Random Thoughts from coffee

Fri May 21 13:06:36 CEST 2004

I'm sitting here pouring over my daily dose of spam and coffee and came 
up with a thought and it actually applies to bogofilter.

Someone mentioned the idea of using a filter like:
#:0
#* ^X-Bogosity: Yes, tests=bogofilter, spamicity=1.000000
#.spam/

To eliminate the "certain" spam from any examination, implying that 
everything <1.000 needed human review.

Similary I guess I could run a filter for 0.000000 to do the same thing.

Then the coffee kicked in...

I've got a ternary configuration and it seems that my Ham is pretty 
solid and my Spam isn't so solid.  So I'm not really in a position to 
just skip any kind of review on the categories of ham/spam and start 
archiving them without some kind of quarentine/review process to 
manually ensure I'm not getting any mistakes in there.

But there does seem to be a value of spamicity, above which I would not 
review.  I would probably start with >0.999999 and slowly move down from 
there.  The idea being that the closer to 0.500 one comes in their score 
for either Spam or Ham, the more attentive I should be because of the 
increased liklihood that I'll have a false reading.

In order to sort this I could present this by pushing a prefix in every 
Subject line with repitions of a character "X" for each 0.1 increment of 
spamicity.  I suppose with enough caffiene something like this could be 
achieved using procmail...  In other terms I'm trying to push all my 
mail into one of ~10 buckets (0.1 increments) with each bucket becoming 
a seperate folder that would get more/less scrutiny then it's 
predecessor.  (procmail could filter on 0.1, 0.2, 0.3 very nicely too)

In a very ugly sense, I'm trying to break up a ternary system into a ... 
decanary (base ten, not decadant, Latin was 20+ years ago so forgive me) 
with many graduations for filtering email to better catch that grey area 
of spam.

As an example:  I currently have a set of Unsure Spam that has scores of:
X-Bogosity: Unsure, tests=bogofilter, spamicity=0.500145, version=0.17.5
X-Bogosity: Unsure, tests=bogofilter, spamicity=0.540586, version=0.17.5
X-Bogosity: Unsure, tests=bogofilter, spamicity=0.590084, version=0.17.5
X-Bogosity: Unsure, tests=bogofilter, spamicity=0.728257, version=0.17.5
X-Bogosity: Unsure, tests=bogofilter, spamicity=0.742948, version=0.17.5
X-Bogosity: Unsure, tests=bogofilter, spamicity=0.758808, version=0.17.5

So I can't very well adjust my spam_cutoff accordingly, I'll have a lot 
of false-positives (Is that the correct term for mis-classified ham?).

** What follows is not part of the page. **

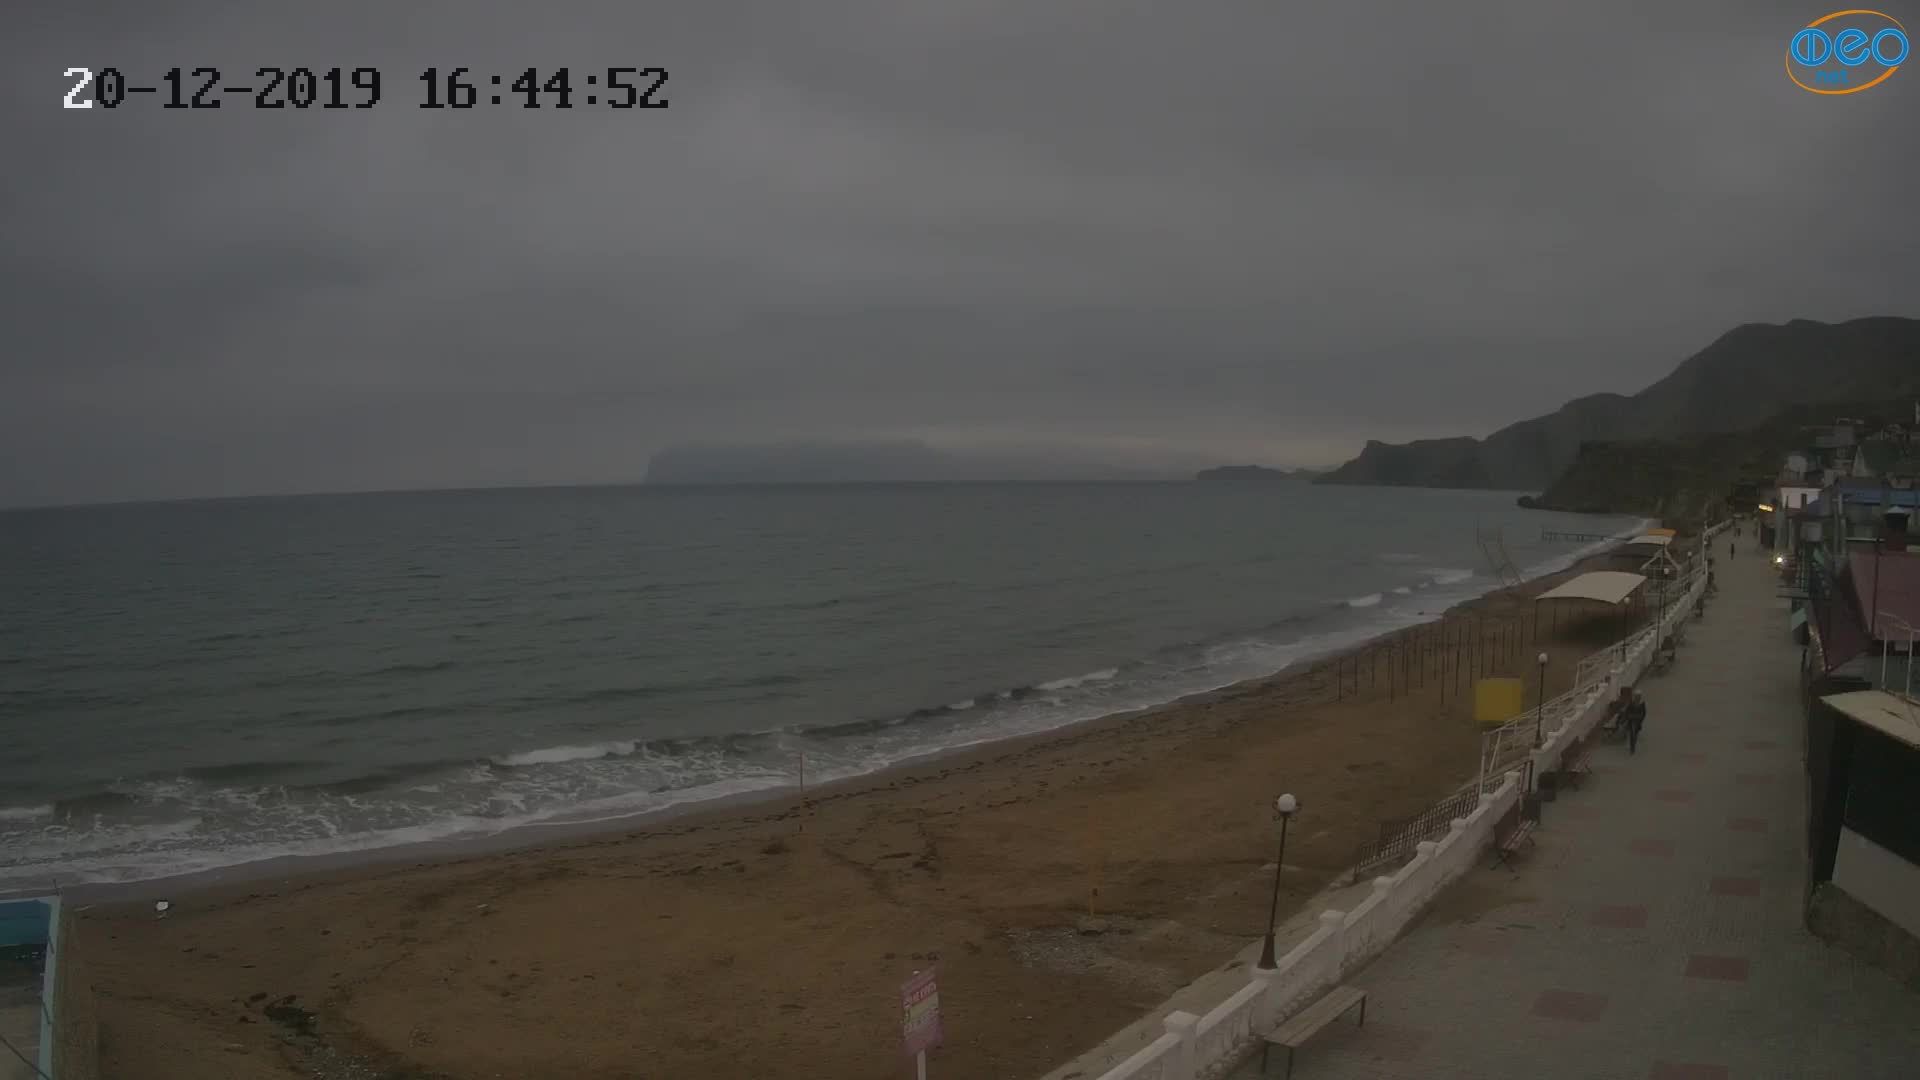 Веб-камеры Феодосии, Орджоникидзе - набережная, 2019-12-20 16:45:15

But I could push these into different "buckets" easily enough and save 
some filtering.

What I'm getting at is this:

Does it make sense to subdivide the different cutoff regions into 
smaller segments to aide human review?  Even if sorting was applied, it 
would effectively segment the email.

Is this something that might be appropriate for inclusion into 
bogofilter?  how?

Or should I just knuckle down with procmail for 6 months and come back 
when I have some more hard evidence?  (I'll probably do that today anyways)

Thoughts?